Anotó su último descubrimiento con esmerada caligrafía, pese a la falta de luz y los estornudos continuos que le provocaba su alergia, volvió a recorrer con la mirada cada objeto, consultando su equivalente en el formulario, y dio por terminado su trabajo.
– Doy por terminado mi trabajo – recalcó en voz alta, con su docta profesionalidad de forense de desvanes.
– ¡No se marche aún! – solicitó una vocecilla desde algún punto del desván.
– ¿Quién anda ahí? – preguntó, escudriñando, forzándose en distinguir alguna silueta en la que antes no hubiera reparado.
– ¡Aquí! – indicó la vocecilla – Aquí abajo, en la caja…
Miró en derredor y no vio a nadie; salvo a sí mismo, reflejado en el espejo. Inclinó la mirada y solo distinguió sus zapatos perfectamente anudados y el ítem 32, caja de raso; contenido, una varita.
– ¡Oiga! ¡Estoy aquí, en la caja! Cójame, haga el favor…
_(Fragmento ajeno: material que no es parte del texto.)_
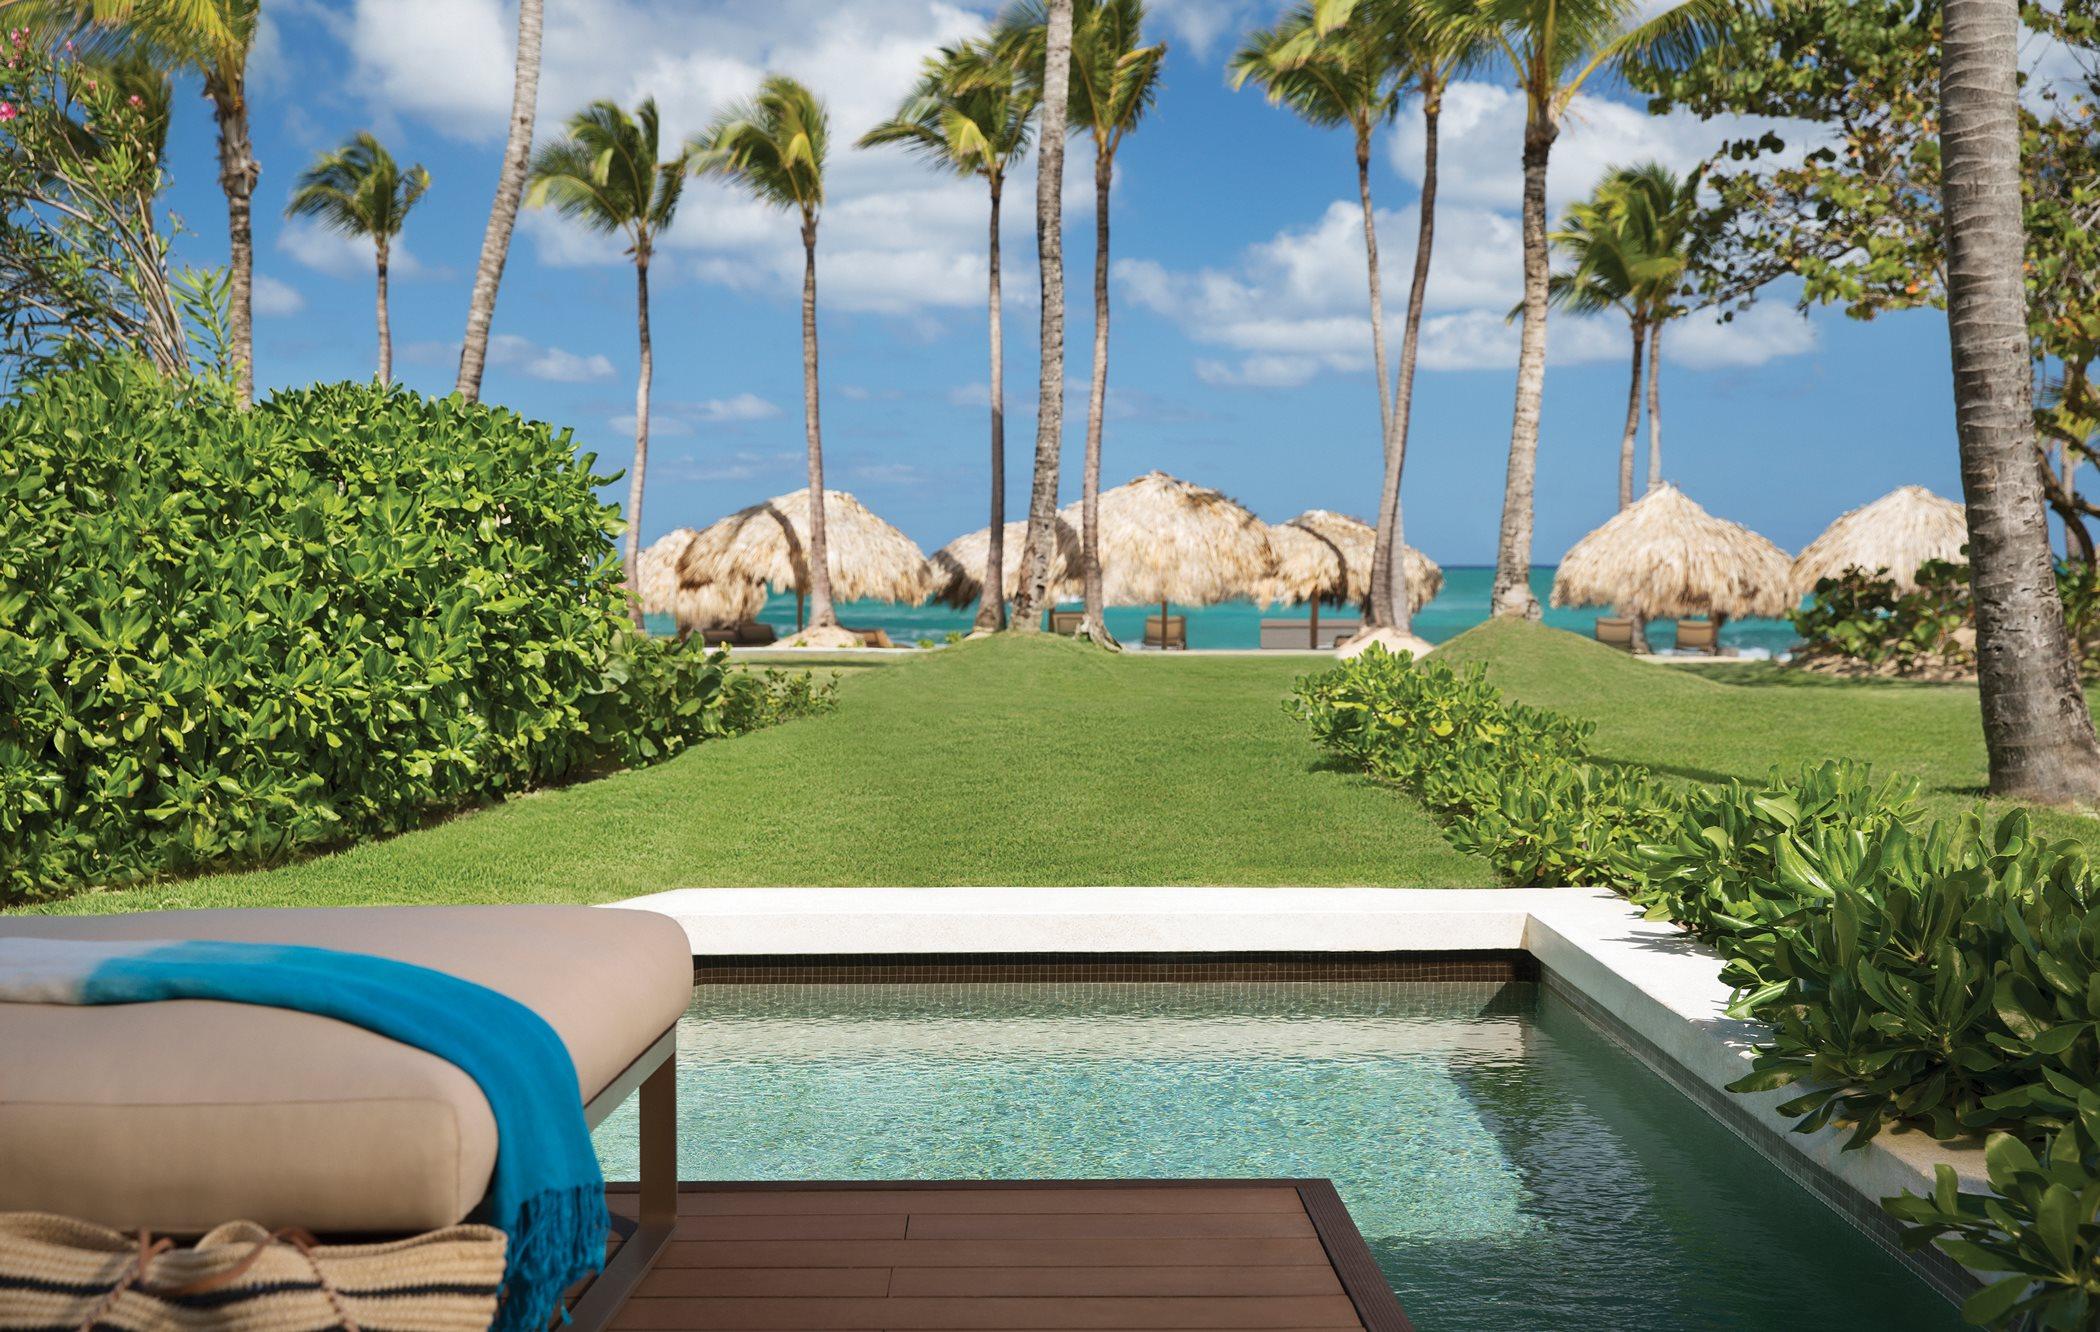 Excellence Punta Cana Aqua Wellness Spa Treatment

Se sobresaltó al pensar por un instante que la aflautada voz brotaba acaso de la varita de mago, retrocedió, trastabilló con uno de los baúles de ropa «estrafalaria», se apoyó para no caer y en el aire se elevó una nueva nube de polvo.
– ¡Atchús! – estornudó con vehemencia.
– ¡Salud! – le respondió la varita.
– Gracias… – correspondió – ¡Un momento! Me he vuelto loco. Esto no puede estar pasando. Las cosas no hablan. Ni piensan ni… ¡nada!
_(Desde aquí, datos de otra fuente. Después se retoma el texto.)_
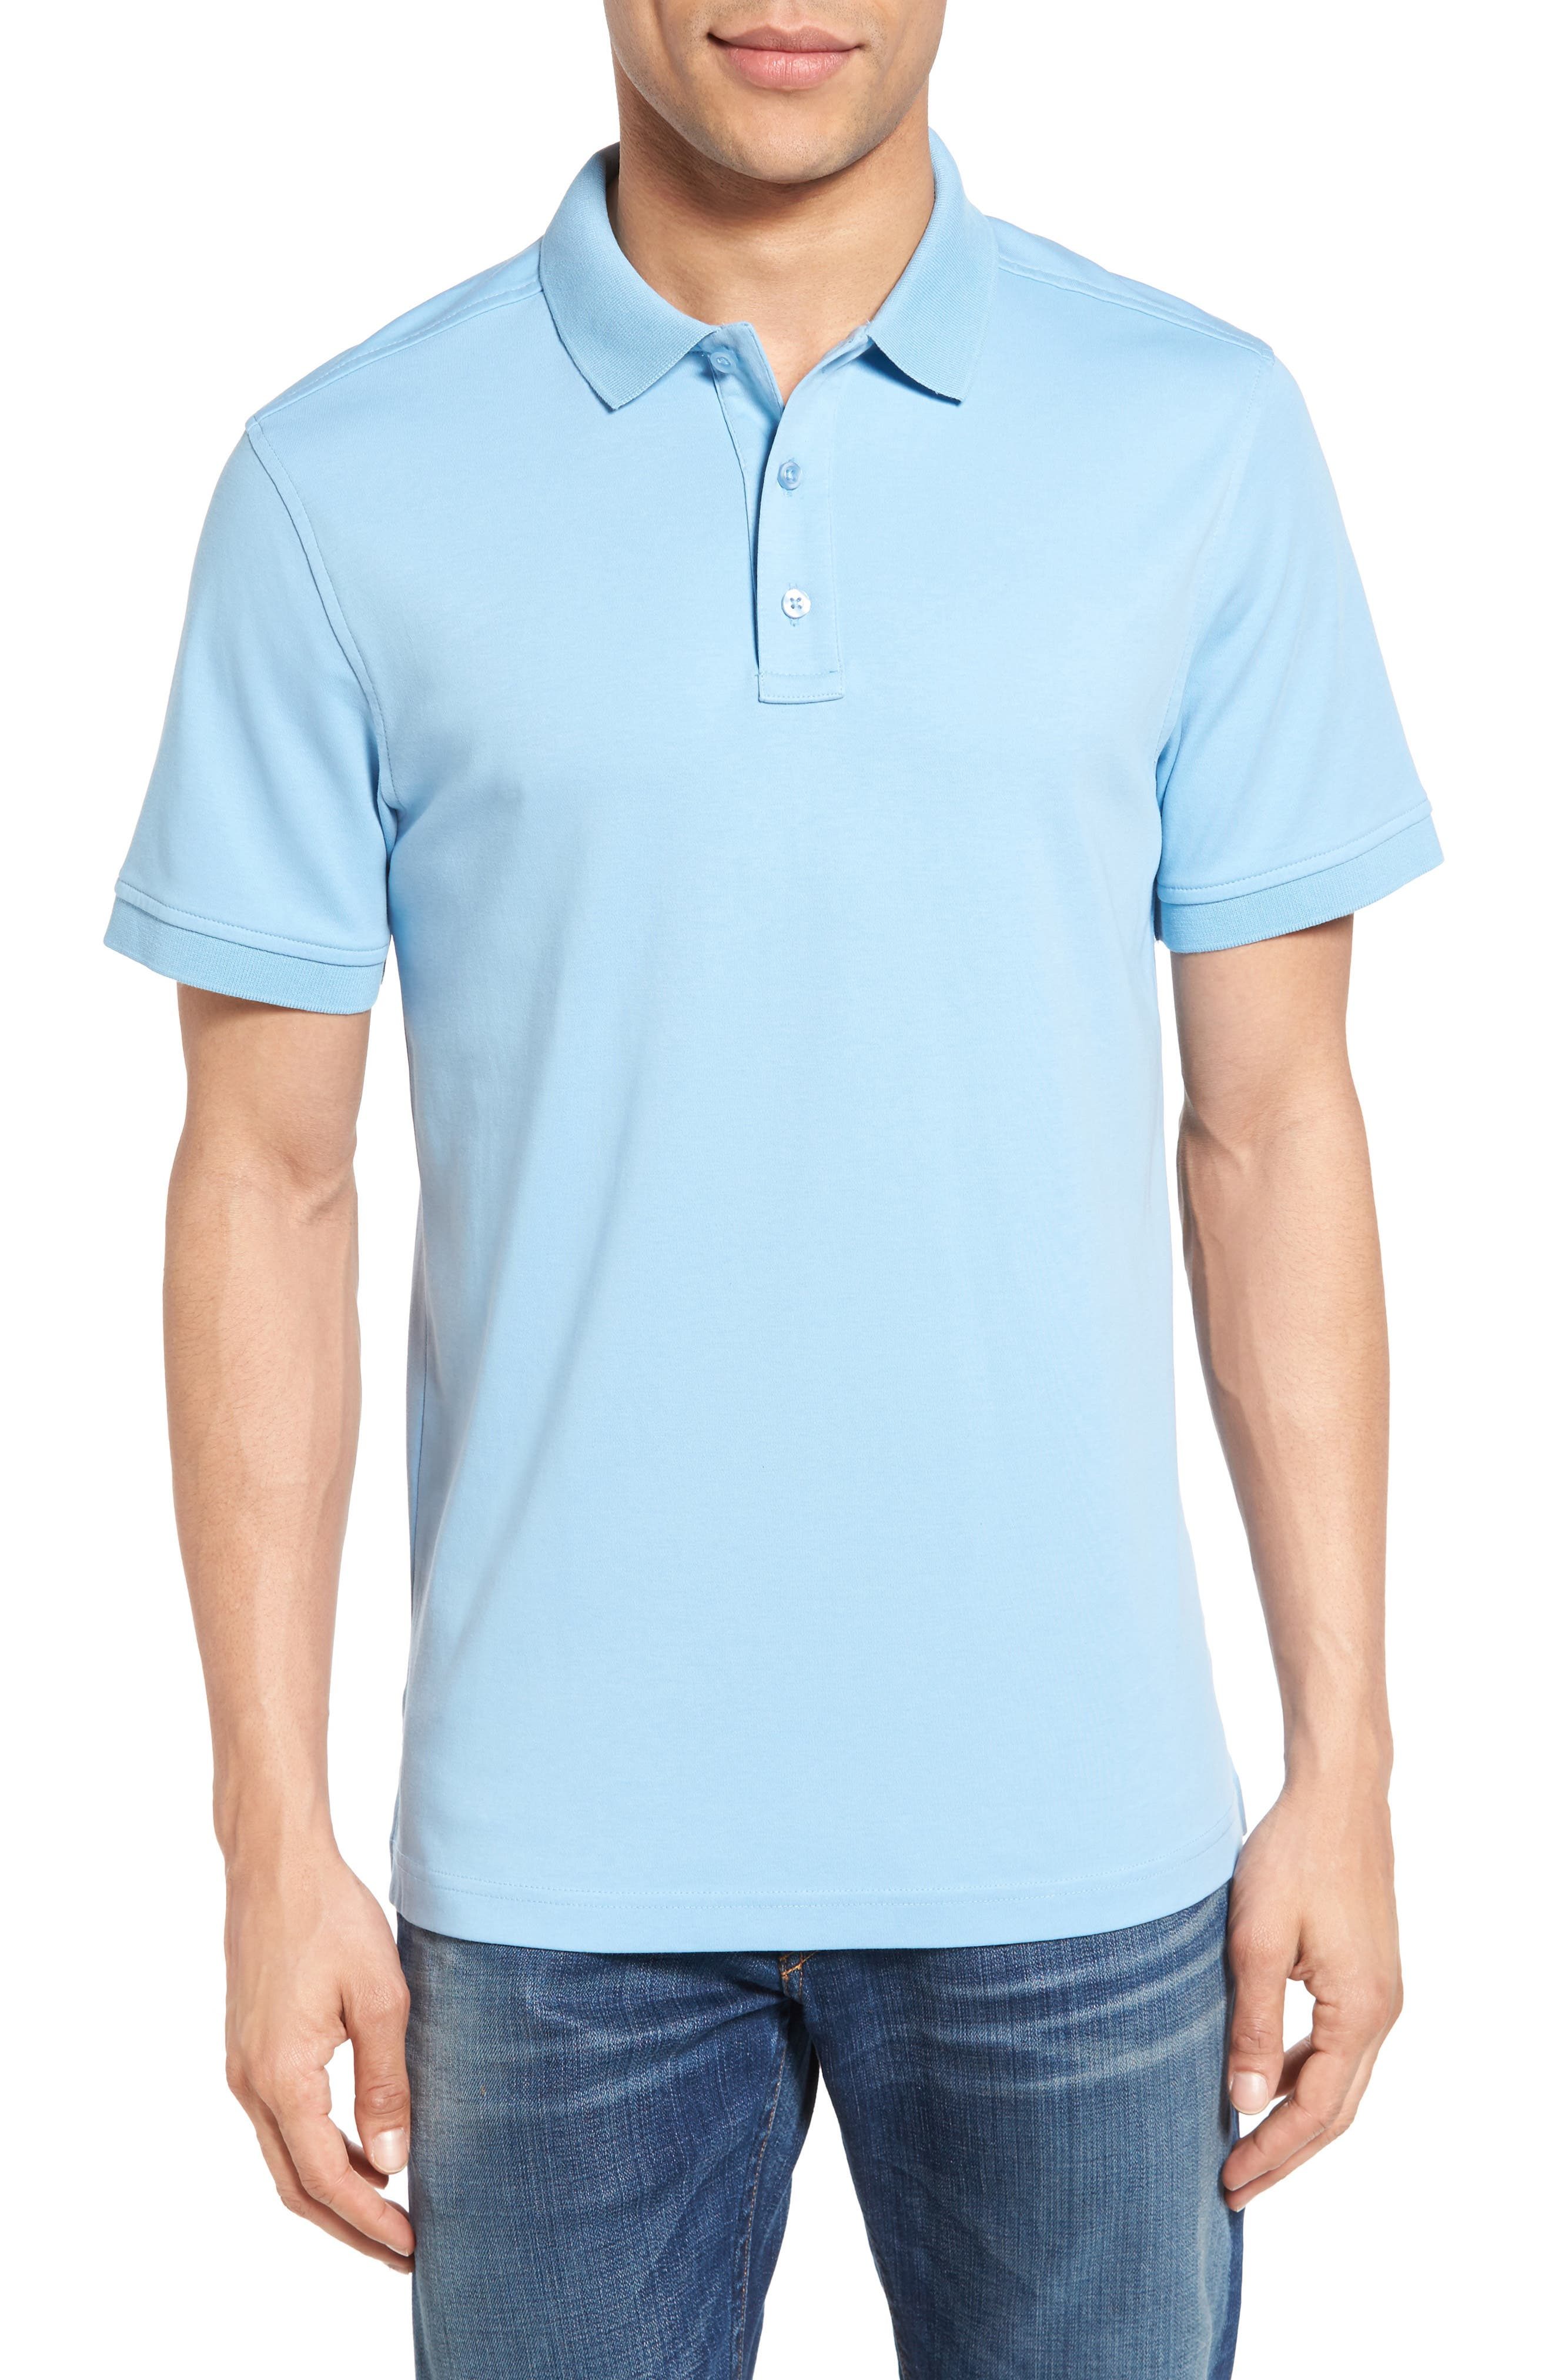 Main Image - Nordstrom Men's Shop Slim Fit Interlock Knit Polo

– Oiga, haga el favor, cójame un instante – suplicó la varita –. Llevo años dentro de esta caja. Cójame, no sea tímido, y se lo explicaré todo. No se arrepentirá.
Aturdido, se inclinó y extrajo la varita, sosteniéndola por un instante frente a los ojos. Observándola de cerca parecía de lo más vulgar.
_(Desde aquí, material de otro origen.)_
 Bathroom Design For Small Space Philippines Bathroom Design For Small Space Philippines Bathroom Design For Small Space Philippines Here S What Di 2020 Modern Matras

– Tiene usted unos dedos muy suaves, es de agradecer… – dijo de pronto la varita.
Se asustó y la apartó de su cara de inmediato, y la varita proyectó un haz luminoso que inundó la estancia, iluminándola por un segundo y haciendo que todo cobrara un resplandor de color violáceo.
– ¡Cuidado! – exclamó la varita – No me agite tan a la ligera.
– Perdón – se disculpó –, ¿qué ha sido eso?
– ¿Qué imagina? Pues magia, ni más ni menos, prestidigitación.
– A la fuerza se trata de un truco – replicó.
– Toda magia tiene truco, querido – confió la vocecilla con aire suficiente –, y todo truco, magia. Si me permite disponer de su habilidad, se lo puedo demostrar. Utilíceme de la siguiente manera, preste atención, describa un círculo en el aire y en su interior el símbolo que representa «infinito». ¿Lo conoce?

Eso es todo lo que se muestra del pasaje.